Introduction: Articular cartilage (AC) is an avascular tissue with precise polarity and organization. The three distinct zones are: surface, middle and deep. The production and accumulation of the superficial zone protein (SZP), also known as lubricin, by the surface zone is a characteristic feature of AC. To date, there is a wealth of evidence showing differentiation of AC from mesenchymal stem cells. Most studies that described chondrogenic differentiation did not focus on AC with characteristic surface marker SZP/lubricin. The present investigation was initiated to determine the induction of SZP/lubricin in skeletal muscle-derived mesenchymal stem/progenitor cells (MDMSCs) by transforming growth factor-β1 (TGF-β1) and bone morphogenetic protein-7 (BMP-7).Methods: MDMSCs were cultured as a monolayer at a density of 1 × 10 5cells/well in 12-well tissue culture plates. Cell cultures were treated for 3, 7 and 10 days with TGF-β1 and BMP-7. The medium was analyzed for SZP. The cells were used to isolate RNA for RT-PCR assays for SZP expression.Results: The SZP/lubricin increased in a time-dependent manner on Days 3, 7 and 10 in the medium.
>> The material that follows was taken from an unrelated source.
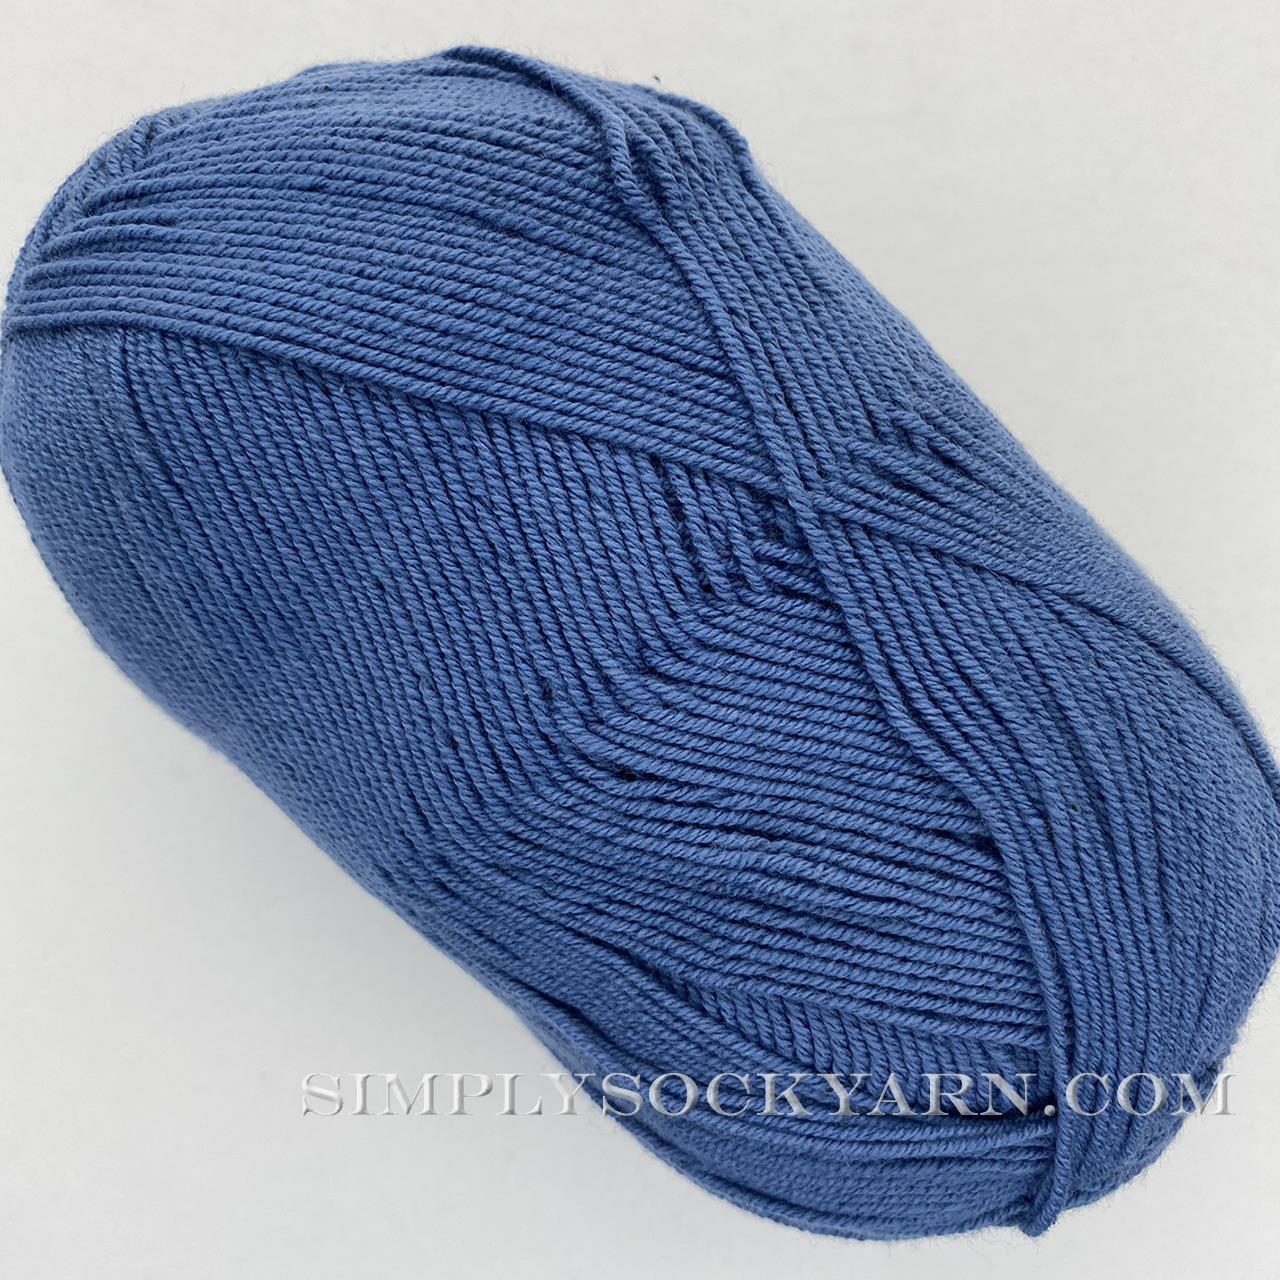 OnLine Supersocke Cotton 2531 -

As early as Day 3, there was a three-fold increase in response to 3 ng/ml of TGF-β1 and 300 ng/ml of BMP-7. This was confirmed by immunochemical localization of SZP as early as Day 3 after treatment with TGF-β1. The expression of SZP mRNA was enhanced by TGF-β1.Conclusions: The present investigation demonstrated the efficient and reproducible induction of SZP/lubricin accumulation by TGF-β1 and BMP-7 in skeletal MDMSCs. Optimization of the experimental conditions may permit the utility of MDMSCs in generating surface zone-like cells with phenotypic markers of AC and, therefore, constitute a promising cell source for tissue engineering approaches of superficial zone cartilage.
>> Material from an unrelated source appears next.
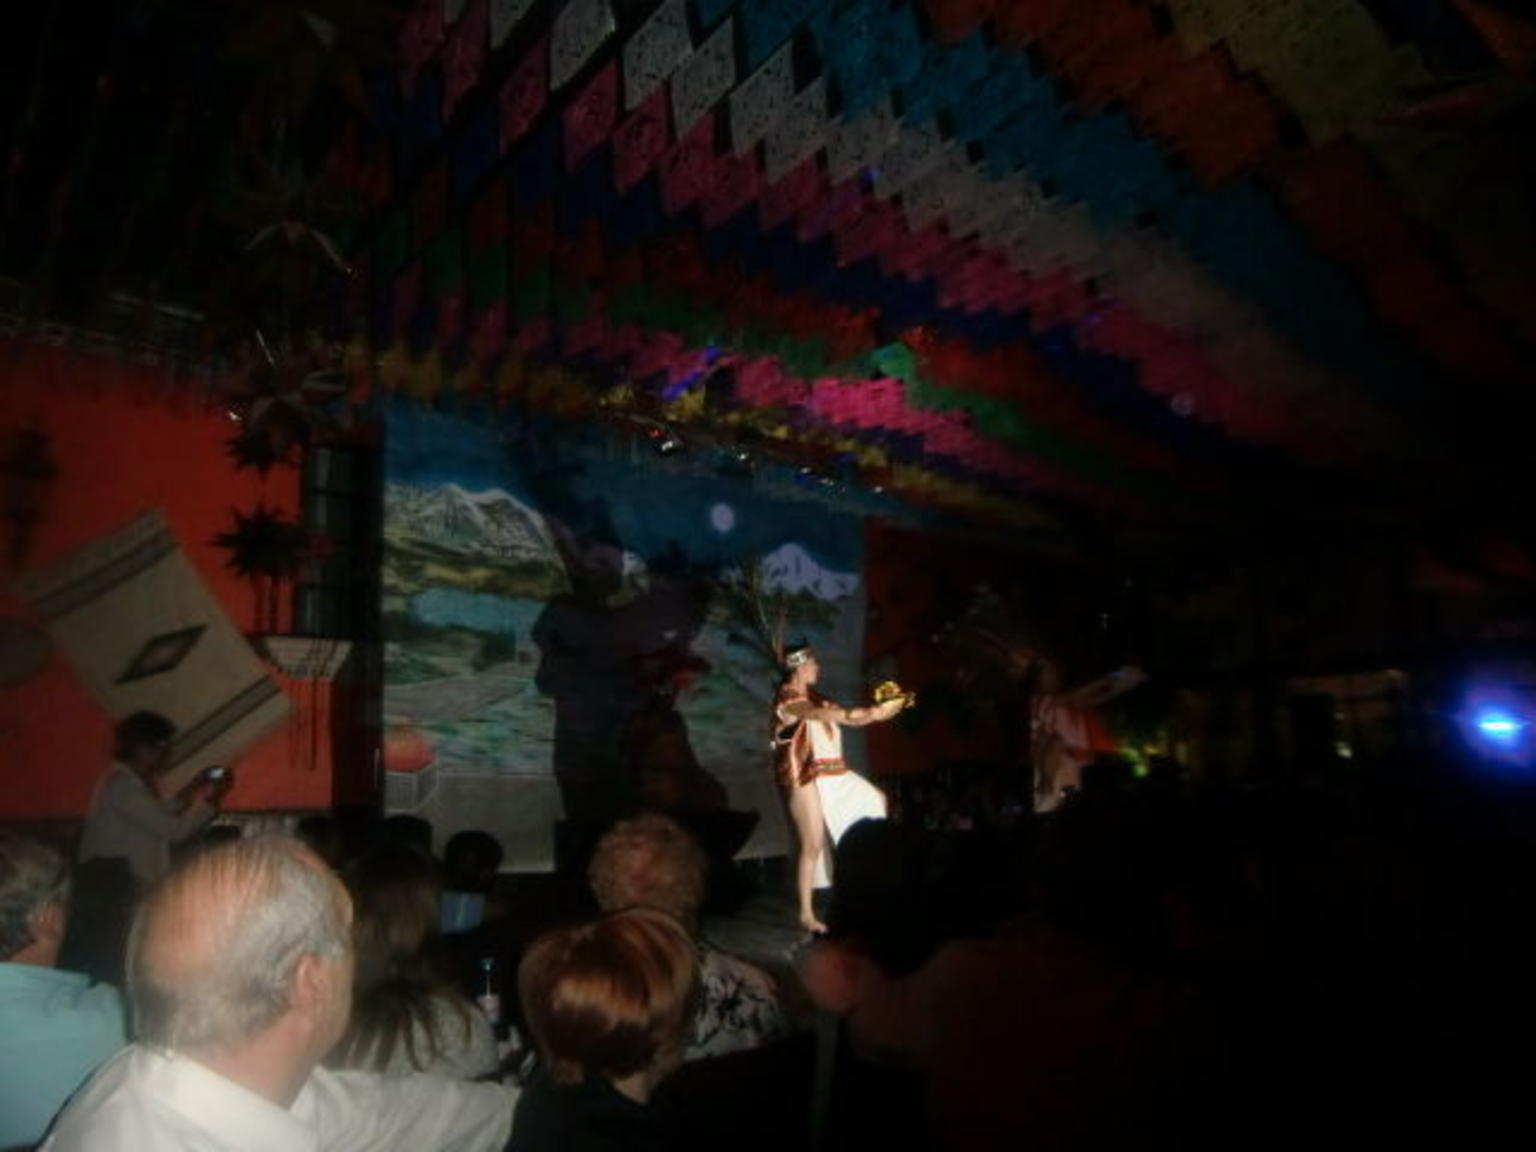 MORE PHOTOS, Garibaldi Night Tour

机译:简介:关节软骨(AC)是具有精确极性和组织的无血管组织。三个不同的区域是:表面,中间和深处。表层区域的表层蛋白(SZP)的产生和积累是AC的特征性特征。迄今为止,有大量证据表明AC从间充质干细胞中分化出来。大部分描述软骨形成分化的研究都没有集中在具有特征性表面标志物SZP / lubricin的AC上。本研究旨在通过转化生长因子β1(TGF-β1)和骨形态发生蛋白7(BMP-7)来确定SZP / lubricin在骨骼肌源性间充质干/祖细胞(MDMSCs)中的诱导作用。 :将MDMSC以1×10 5细胞/孔的密度单层培养在12孔组织培养板中。用TGF-β1和BMP-7处理细胞培养物3、7和10天。分析该培养基的SZP。结果:在培养基中的第3、7和10天,SZP / lubricin以时间依赖性方式增加。早在第3天,对3 ng / ml的TGF-β1和300 ng / ml的BMP-7的响应增加了三倍。最早在TGF-β1治疗后第3天通过SZP的免疫化学定位证实了这一点。结论:TGF-β1和BMP-7可有效,可重复地诱导骨骼肌MDMSCs中SZP / lubricin的积累。实验条件的优化可以允许MDMSCs用于生成具有AC表型标记的表面区域样细胞,因此,构成了表层软骨组织工程方法的有希望的细胞来源。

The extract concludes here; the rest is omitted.